CHINA has seen fast growth in service imports since it joined the World Trade Organization in 2001, according to a report released by China’s Ministry of Commerce at the China International Import Expo in Shanghai yesterday.

The report revealed that service imports surged to US$467.6 billion in 2017 from US$39.3 billion in 2001, with its global share increasing to 9 percent from 2.6 percent, lifting its world ranking from 10th to second place.

It is the first report on service imports to be issued by the Chinese government.

China’s cumulative service imports are expected to exceed US$2.5 trillion in the next five years, the report said. The country’s service imports will account for more than 10 percent of global service imports, contributing over 20 percent to total global growth in the next five years.

During the same period, China will see more than US$700 billion of cumulative imports in emerging services, including charges for the use of intellectual property, telecommunications, computer and information services, financial services, and personal cultural and recreational services.

Xian Guoyi, head of the service trade department at the commerce ministry, said China’s service imports not only met the needs of the Chinese people for a better life and facilitated domestic industrial structural transformation and upgrading, but also brought new opportunities for global trade growth.

“We will continue to expand the opening-up of the service sector, improve the service system for service imports, create a sound market environment, deepen multilateral and bilateral trade cooperation, and increase imports of high-quality services,” Xian said.
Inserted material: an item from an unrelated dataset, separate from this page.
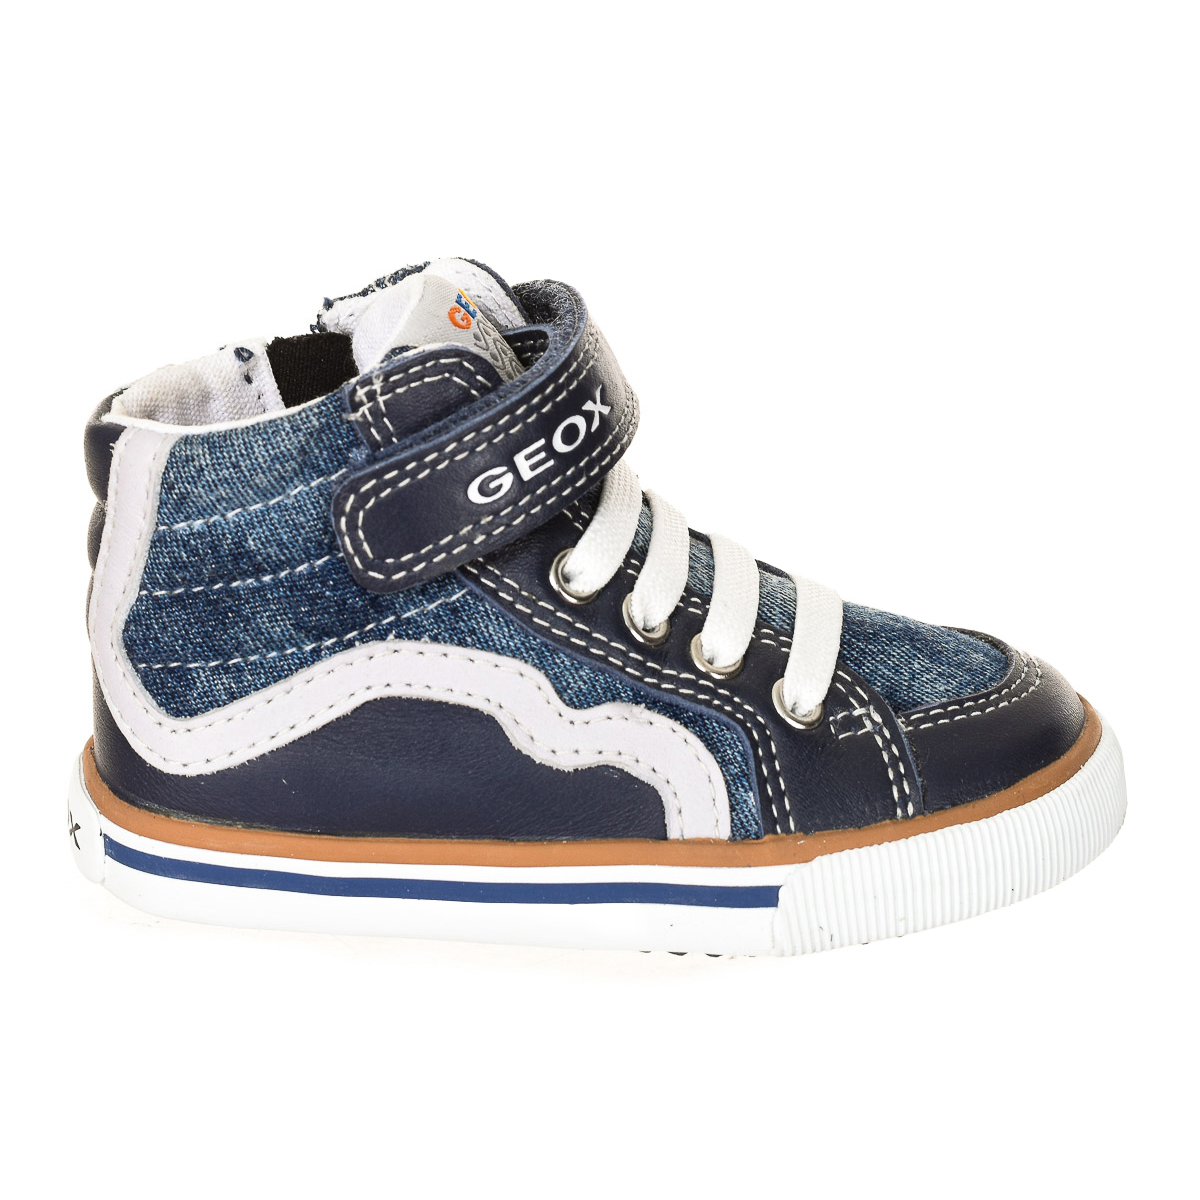 Sneaker Abotinado Geox B62a7c-01385 - azul-denim - 
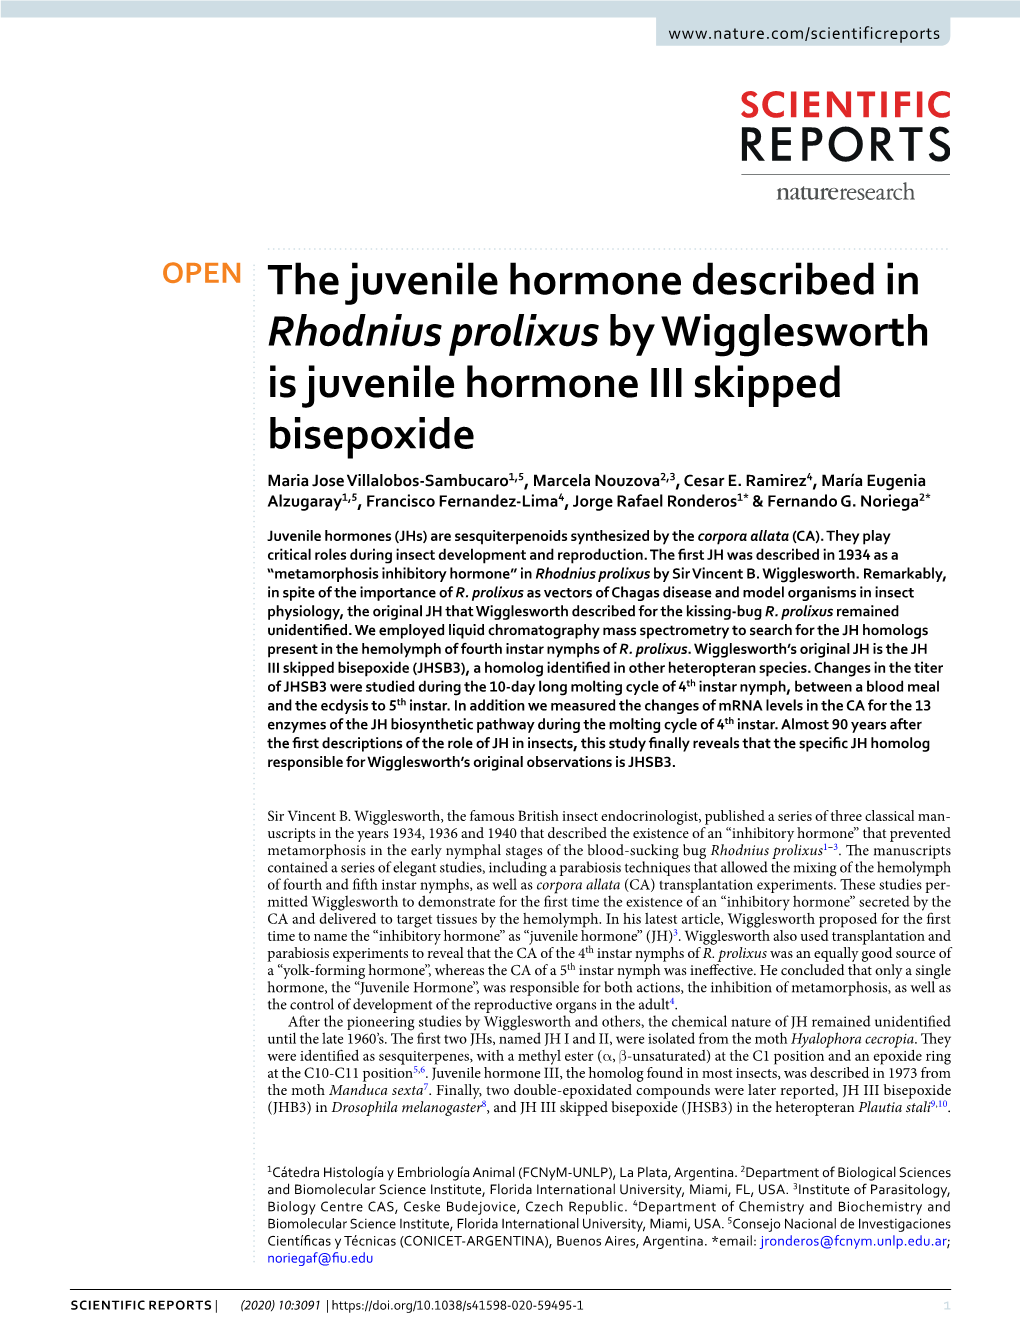 The Juvenile Hormone Described in Rhodnius Prolixus by Wigglesworth Is Juvenile Hormone III Skipped Bisepoxide

Over the past five years, with the average global annual growth rate being 3 percent, China’s service imports maintained an average annual growth rate of 10.7 percent.

In the next five years, China’s imports of travel services are expected to exceed US$1.4 trillion, while Chinese tourists will make an estimated total of 700 million outbound trips as the country’s consumption power grows, thus “becoming an important driver of the global economic growth,” Xian said.

China has been the world’s biggest spender on outbound travel for six consecutive years. In 2017, the spending by Chinese tourists was close to a fifth of the total global travel revenue.

Last year, China spent US$28.74 billion on imports of charges for the use of intellectual property, up nearly 14 folds from 2001, the report said. The United States was the top source for such imports, followed by Japan and Germany.

Most of China’s charges for the use of intellectual property imports went to patents, trademarks and copyrights, according to the report. In 2017, import of charges for the use of intellectual property accounted for 6.1 percent of China’s total service imports.

China has always been an important player in, active builder and firm defender of international property rules, the commerce ministry said.